Render tool_result image content blocks inline in chat#1119
Open
Christophy wants to merge 2 commits into
Open
Conversation
Author
|
@paseo-ai hello |
Author
|
@paseo-ai hello, rebase this branch. |
307ac91 to
c345ac5
Compare
When a Claude tool returns an image content block (Read on a PNG, MCP
screenshot tools, etc.), the daemon was stringifying the entire block array
into the chat timeline as raw JSON. Users saw `[{"source":{"data":"iVBOR..."}}]`
instead of the image.
Changes:
- packages/server/src/server/agent/agent-sdk-types.ts: add ToolCallImage
type and an optional images? field on ToolCallBase, sibling to detail.
- packages/server/src/shared/messages.ts: mirror the wire schema. Drop
.strict() from ToolCallBasePayloadSchema so older clients can still parse
newer fields (forward-compat per CLAUDE.md "Protocol contract"). Split
the image attachment schema: ImageAttachmentSchema stays permissive for
inbound SendAgentMessage* requests; ToolCallImageSchema (with .min(1) on
both fields) is used for outbound timeline items so the daemon never
emits empty data URIs.
- packages/server/src/server/agent/providers/claude/tool-result-content.ts:
new extractToolResultParts helper that splits tool_result.content into
text and base64 images. Unrecognized block types (document, URL-source
images, future shapes) are preserved as a deterministic JSON fallback
appended to text so payloads are never silently dropped.
- packages/server/src/server/agent/providers/claude/agent.ts: route
handleToolResult through the new helper; pass images to the mapper.
Deleting the now-unreferenced coerceToolResultContentToString and three
helpers it depended on (noUnusedLocals enforces this).

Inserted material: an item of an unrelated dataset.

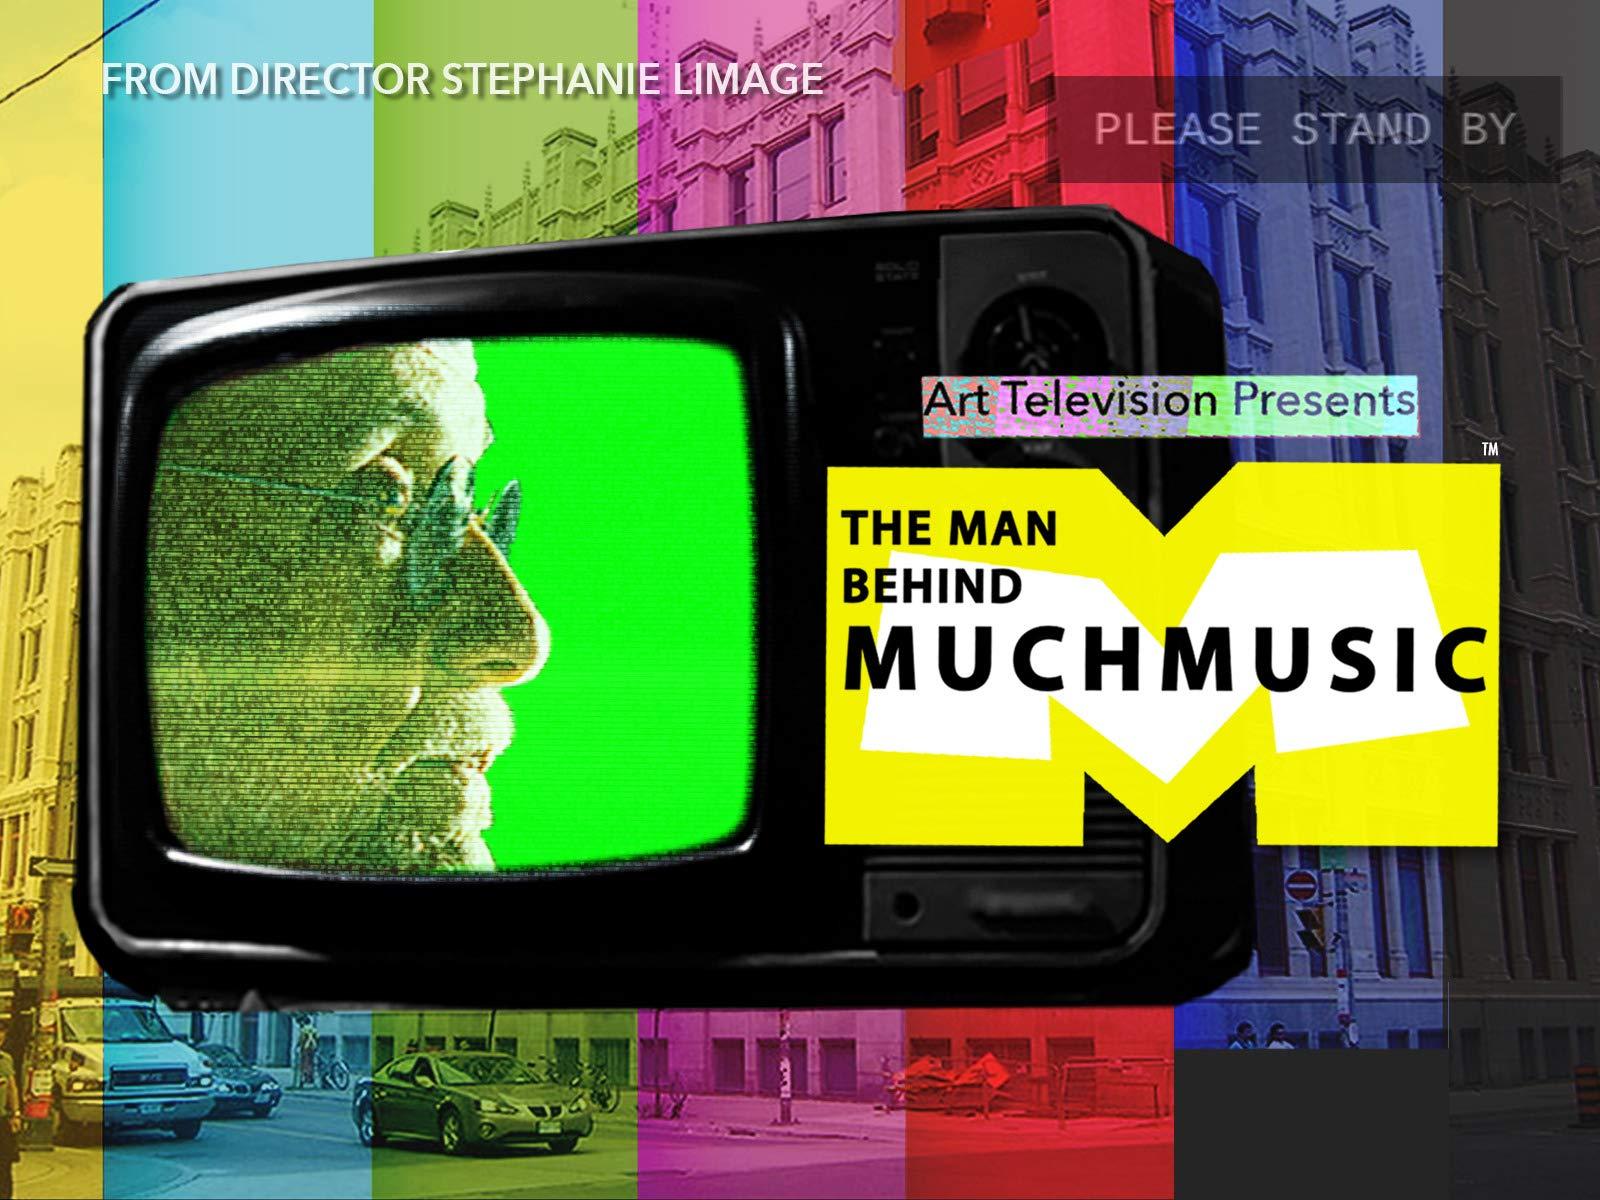 The Man Behind Much Music - Art Television - Season 1

- packages/server/src/server/agent/providers/claude/tool-call-mapper.ts:
thread images? through MapperParams onto the returned timeline item.

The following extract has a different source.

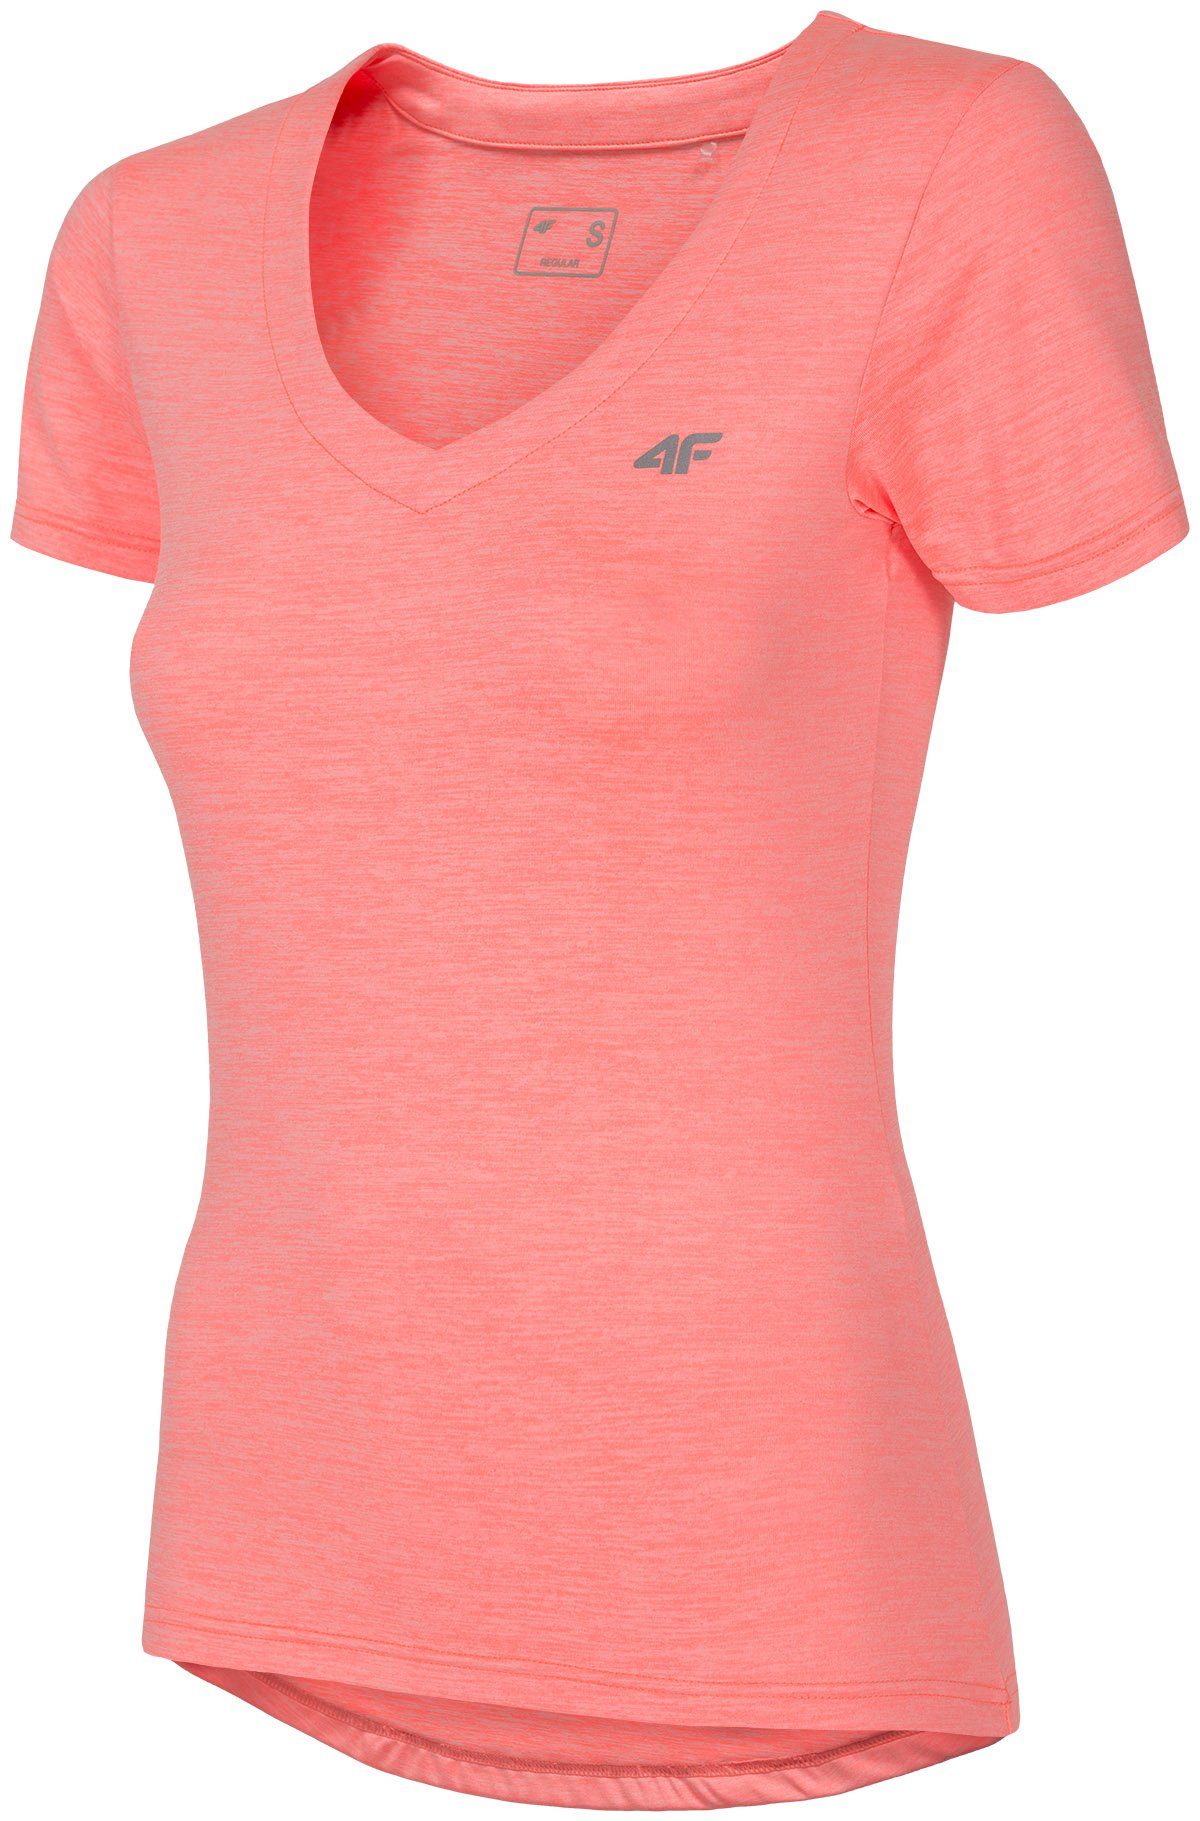 Koszulka treningowa damska TSDF300 - koral melanż

- tests: unit coverage in tool-result-content.test.ts (text-only, image-only,
mixed, empty data, unsupported mime, URL source, unknown blocks, circular
fallback). Schema round-trip + validation tests in
messages.tool-call-schema.test.ts. New real-API e2e
tool-result-images.real.e2e.test.ts runs a live Claude agent reading a 1x1
PNG fixture and asserts the timeline tool_call item carries the image
with mimeType image/png.
No UI changes here — the renderer will land as a follow-up PR once this
field is on main.
Consumes the tool_call.images field added in the prior commit. Tool-result
images (Read on a PNG, MCP screenshot tools, etc.) now render as inline
images in the chat timeline, sized to container width with aspect-ratio
preserved from the natural image dimensions. Tap to open a full-screen zoom
modal.
Changes:
- packages/app/src/components/tool-call-images.tsx: new component. Inline
Image per entry, dynamic aspectRatio via onLoad, maxHeight cap of 480 to
bound vertical space. Tap opens a Modal with the full-resolution image.
- packages/app/src/components/tool-call-details.tsx: thread an optional
images prop through ToolCallDetailsContent and buildDetailSections so the
image grid renders above each tool-detail variant when present.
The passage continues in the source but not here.